SG: Salt City Hoops. The Utah Jazz are loaded up front, love the all-around game of Gordon Hayward, the shooting of Randy Foye and the potential of Alec Burks and Kevin Murphy on the wing, and seem on track for their second straight playoff berth. But with Mo Williams injured, the Jazz could really use an upgrade at point guard to make any noise this year; and with Williams' contract up this summer, they could really use one long-term, too. So who might they target? Matt Pacenza compiles a list — a very optimistic list, I think, but a good one.

PG: The Sacramento Bee. OK, so we know that Sacramento Mayor Kevin Johnson has to come up with some "whales" to make his four-step plan to keep the Sacramento Kings from being sold to a Seattle-based investment group in any way viable. So who's he targeting, and what's their backstory? The Bee brings us up to speed on Ron Burkle and Mark Mastrov, two names we could be hearing more about in the days ahead.

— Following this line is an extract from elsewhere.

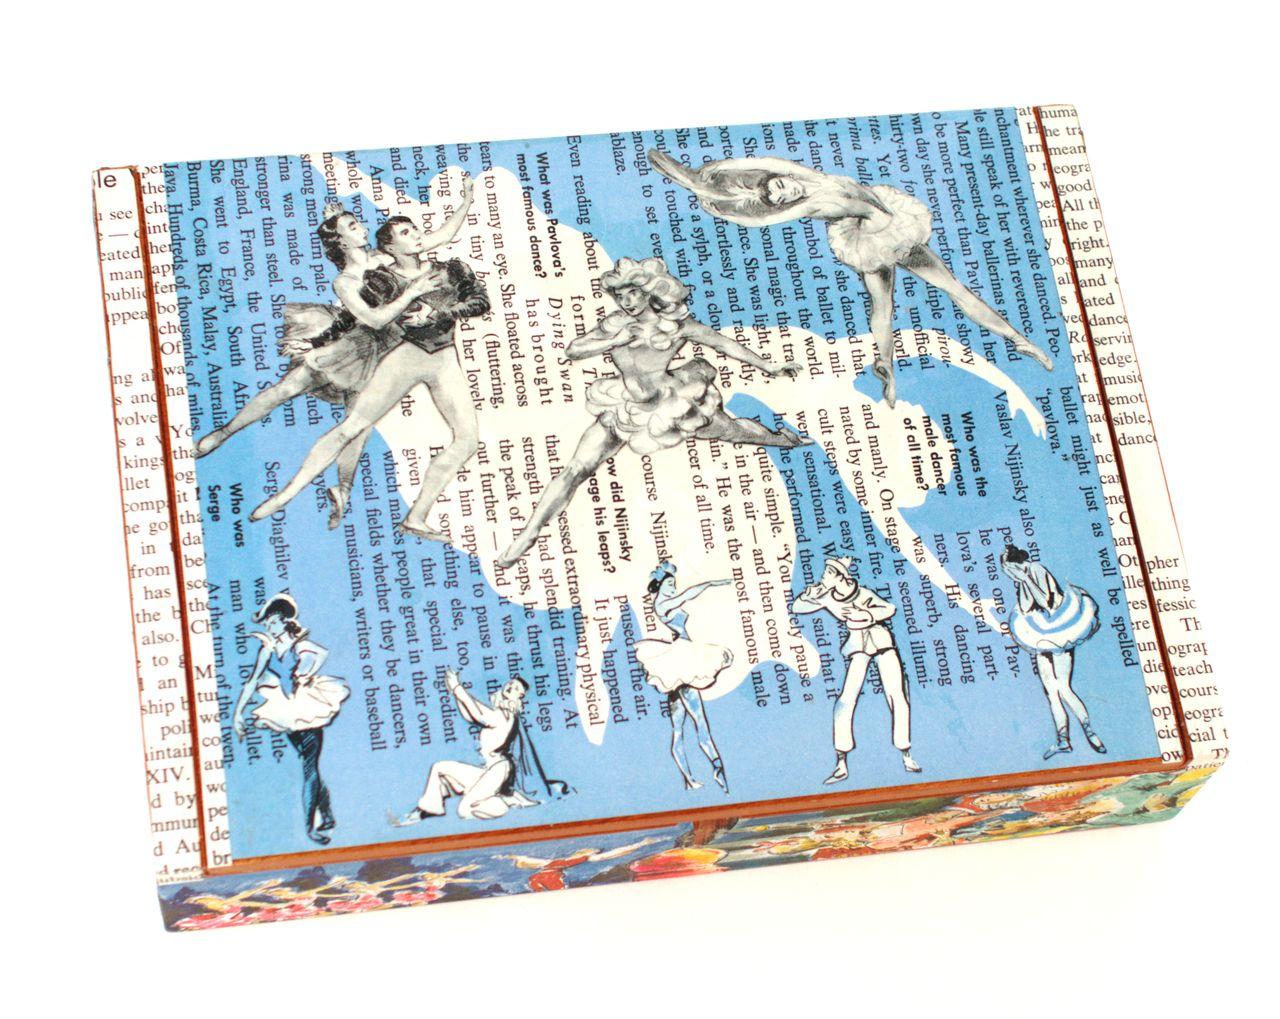 Vintage Sixties Ballerina Swan Lake Children's Book Cigar Box by Paper Vs. Glue

6th: Deadspin. As we consider (and, in some quarters, mourn) the prospective move of the Kings from Sacramento to Seattle, let's not lose sight of how the Kings wound up in Northern California in the first place. Barry Petchesky offers a Kansas City-flavored history lesson. Unlike K.C.'s barbecue, it doesn't taste so great.

7th: Cavs: The Blog. Don't look now, but Tristan Thompson has actually become kinda-sorta-pretty good this year. Nate Smith breaks down how, using stats, eyeball observation and helpful references to poutine and ketchup chips.

8th: The Oregonian. Jason Quick on Portland Trail Blazers star LaMarcus Aldridge's not-freaking-out All-Star reserve announcement plans, which indicates that there's been an understandable, but also perhaps sad maturing for the former No. 2 overall draft pick this season. There's legitimate emotion in this update, if you pick through it.

9th: SB Nation. With the Los Angeles Lakers continuing their mortifying underachievement, Tom Ziller considers which five L.A.-related entities have had their reputations most tarnished by the team's disastrous play.

10th: Wages of Wins. The Golden State Warriors are pretty psyched to have gotten the chance to draft Harrison Barnes, and the Los Angeles Clippers are LOVING the fact that they got Matt Barnes for a song. But what if the Dubs had Matt instead of Harrison — would that make any difference? A pretty big one, in fact, according to Jeremy Britton.